What you'll discover:
With 2,048 tokens, the conversation fills up in roughly 4-7 turns depending on message length. With 8,192, you get roughly 4x as many turns. The relationship is approximately linear — double the context, double the conversation length.
Watch the Metrics Dashboard carefully: prompt tokens grow steadily, then plateau when the sliding window kicks in. That plateau is the moment older messages start vanishing.
Record your observations:
| Context window | Turns before full | Prompt tokens at plateau |
|---|---|---|
| 2,048 | ? | ? |
| 8,192 | ? | ? |
Exercise 2: The amnesia test
What to do:
- Set the context window to 2,048 tokens in Chat Settings
- In your first message, tell the model: "My name is Alex and my favorite color is blue. Please remember this."

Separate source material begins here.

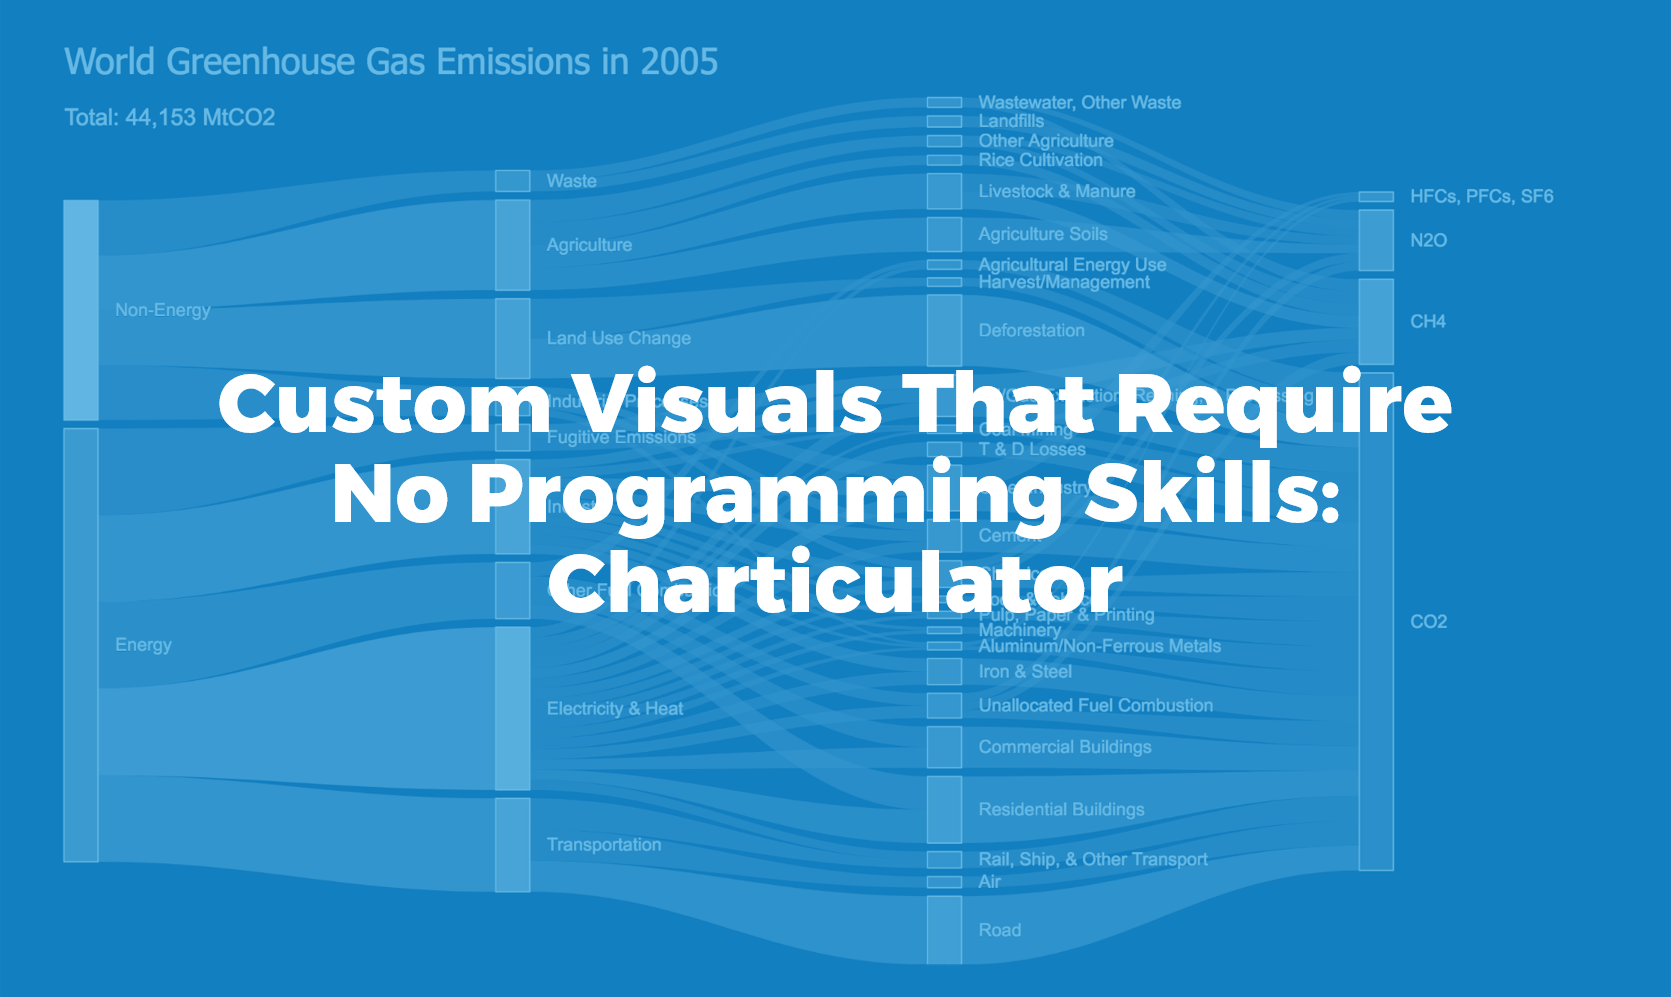 Charticulator: The Microsoft Tool That Creates Visuals Without Code

- Have a conversation about unrelated topics — ask about history, science, cooking, anything. Send 5-10 messages.
- After several turns, ask: "What is my name and what is my favorite color?"
- Does the model remember? Record the answer.
- Now set the context window to 8,192 tokens and repeat the entire experiment from step 2
- At what point does the model forget with the larger context?
What you'll discover:
With 2,048 tokens, the model will likely forget your name and color after just a few turns of unrelated conversation. The message containing your personal facts has been pushed out of the sliding window. The model may:
- Confess it doesn't know ("I don't have that information")
- Hallucinate an answer (confidently state an incorrect name)
- Partially remember (get one fact right and one wrong)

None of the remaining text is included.